# My Little Ponies



## sobana (Mar 7, 2011)

I keep seeing people with the same my little pony art style on this and many other sites and am wondering if their all connected to the same source. they have a lot of animated pictures and makes me curious to the thought of there being a new my little pony series out. It seems to be a spike in their popularity and I seem to be missing it.


----------



## Icky (Mar 7, 2011)

ugh.


----------



## Kellie Gator (Mar 7, 2011)

Someone hasn't heard of My Little Pony: Friendship is Magic.

Run while you still can.


----------



## Leafblower29 (Mar 7, 2011)

This show is starting to become cancer.


----------



## Hir (Mar 7, 2011)

OP's avatar is oddly frightening


----------



## Valery91Thunder (Mar 7, 2011)

> OP's avatar is oddly frightening


Her cyan blue eyes are staring into your soul.
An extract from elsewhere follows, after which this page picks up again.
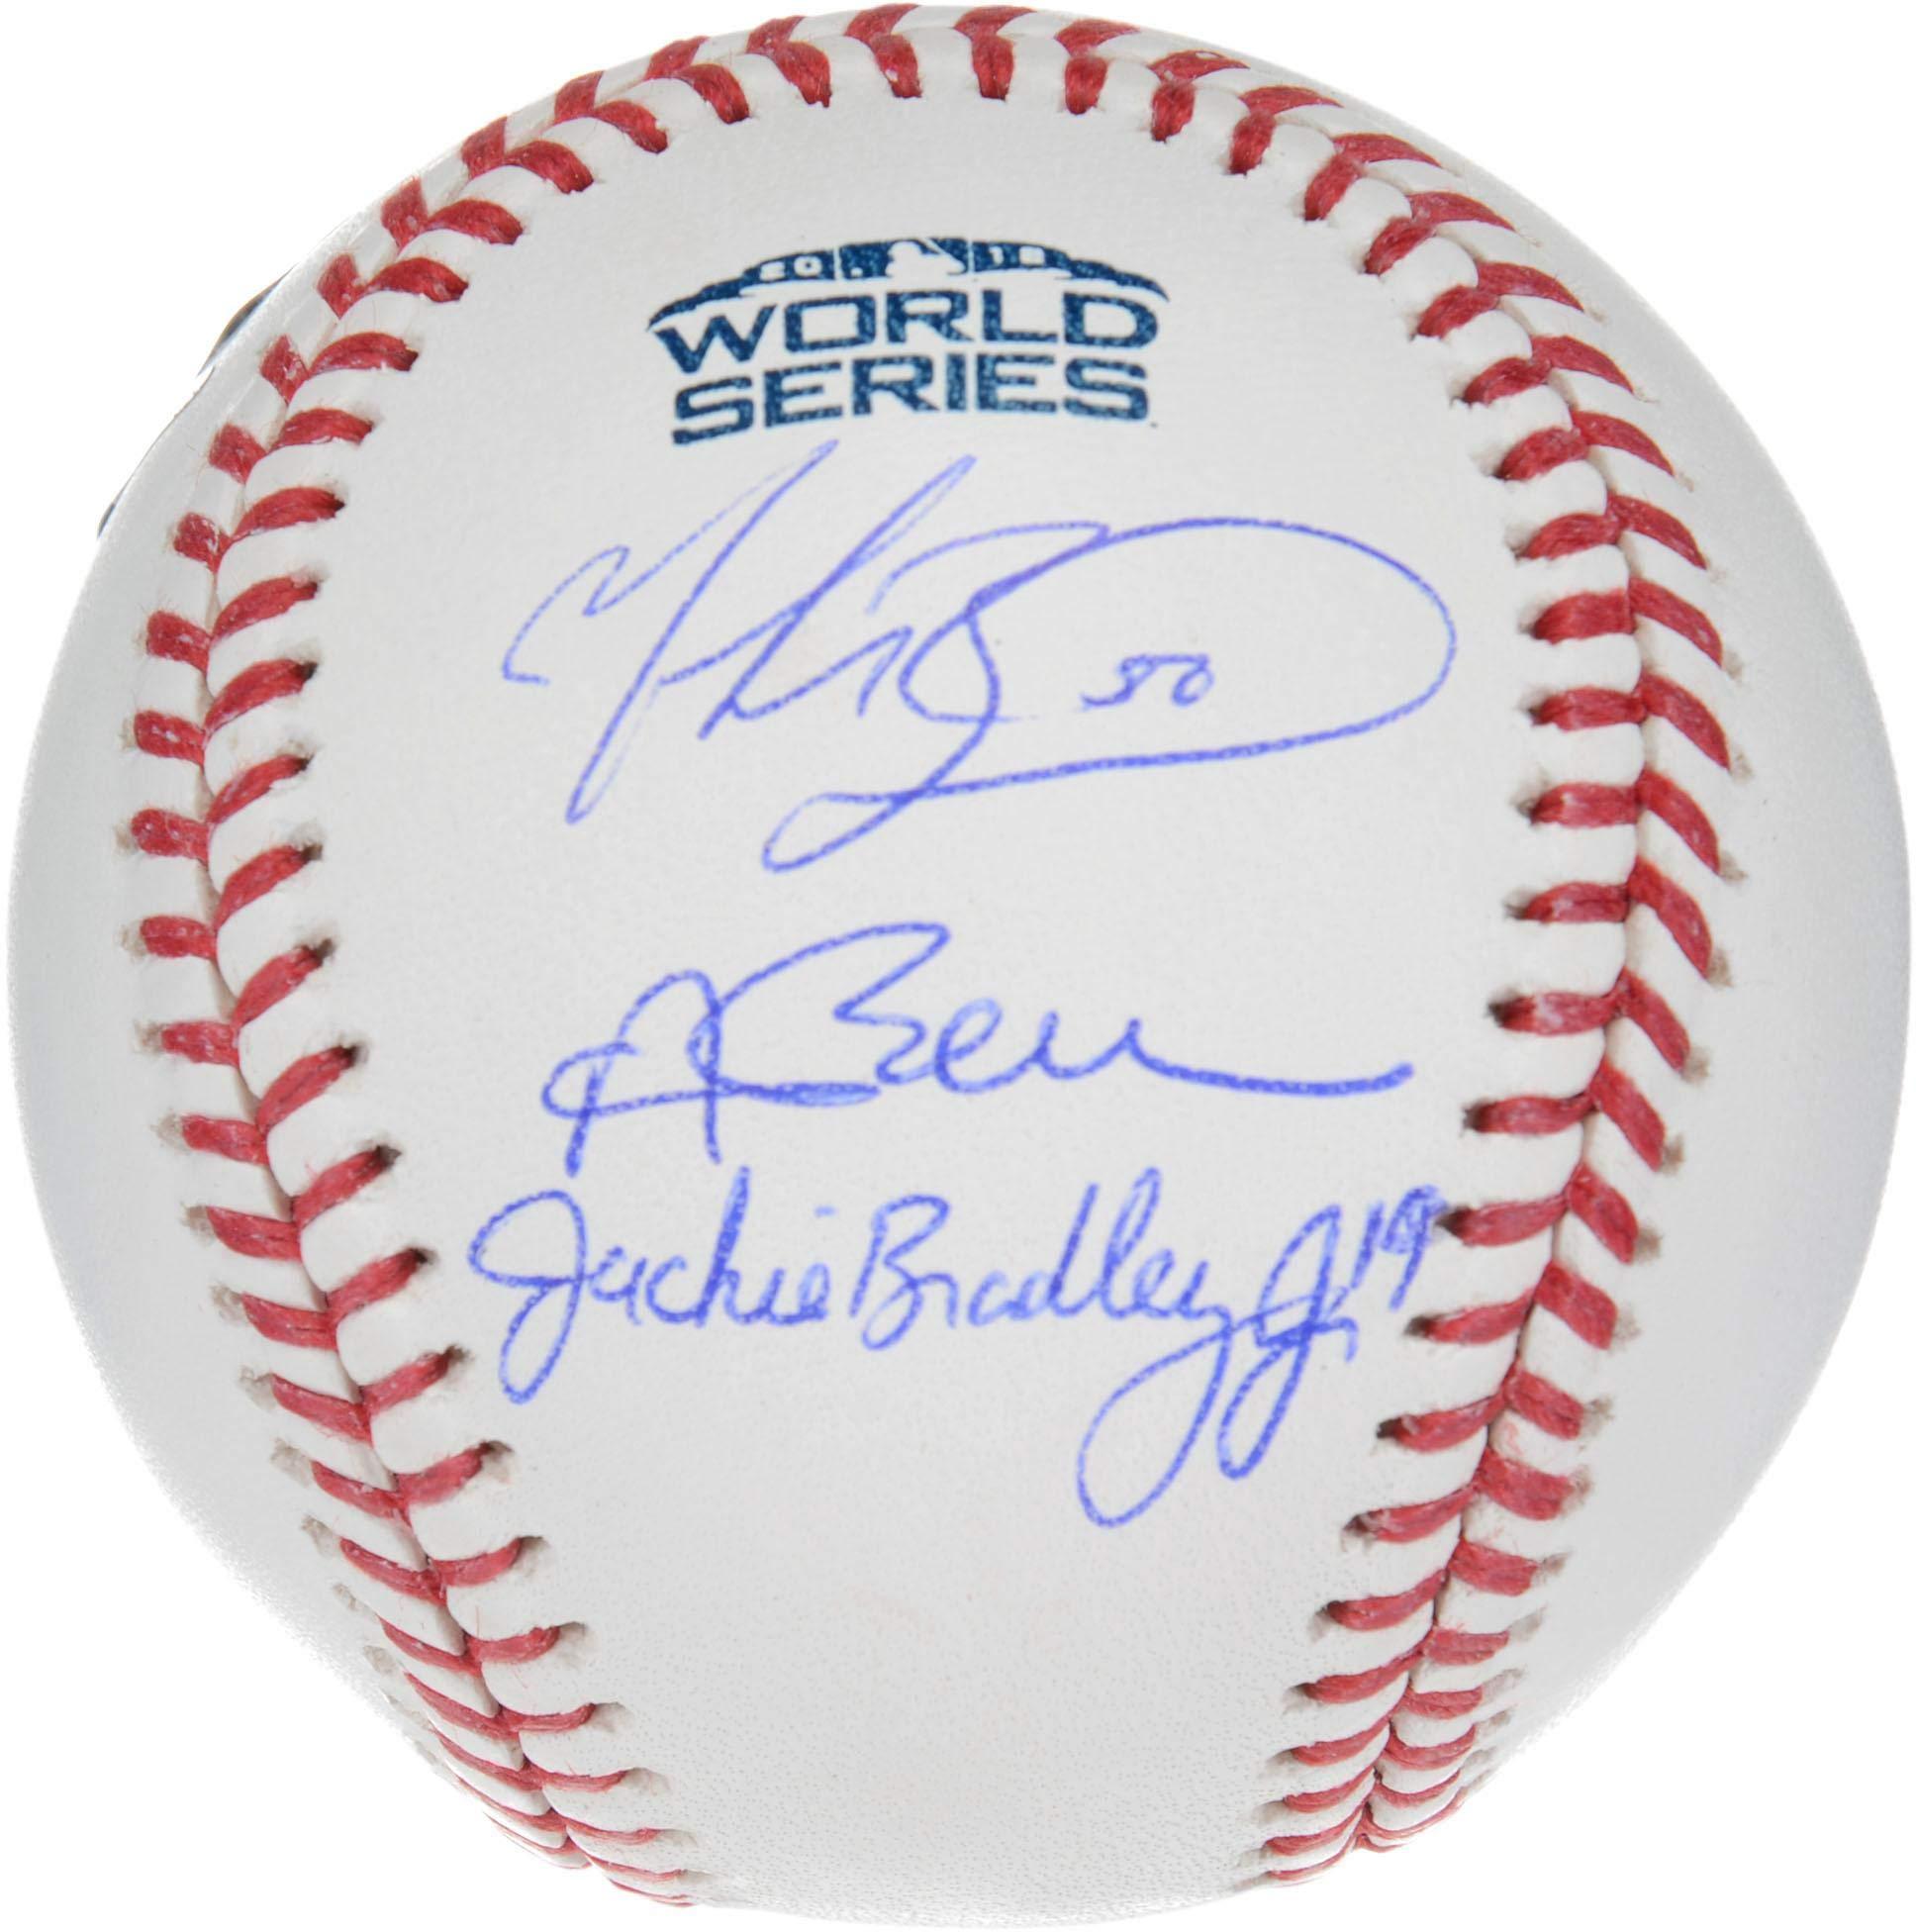 Andrew Benintendi, Mookie Betts and Jackie Bradley Jr. Boston Red Sox 2018 MLB World Series Champions Autographed Logo Baseball Fanatics Authentic Certified

But anyway. This show is being posted everywhere and I'm really surprised there are still people who don't know it.


----------



## Nicole1725 (Mar 7, 2011)

To be honest, I have never heard of it either. I'm guessing that I am not missing out on much...


----------



## Taralack (Mar 7, 2011)

Nicole1725 said:


> To be honest, I have never heard of it either. I'm guessing that I am not missing out on much...


 
That's what they all say... at first.


----------



## Heliophobic (Mar 7, 2011)

Leafblower29 said:


> starting


 
DOHOHOHOHO


----------



## Jude (Mar 7, 2011)

The sudden interest in My Little Pony is really just an internet fad. I'm sure people don't _actually_ enjoy watching that show.


----------



## Heliophobic (Mar 7, 2011)

Jude said:


> The sudden interest in My Little Pony is really just an internet fad. I'm sure people don't _actually_ enjoy watching that show.


 
On 4chan, it's yet another annoying attempt (think Puddi) to drive newfags away. You see... newfags aren't aware of any thread hiding scripts.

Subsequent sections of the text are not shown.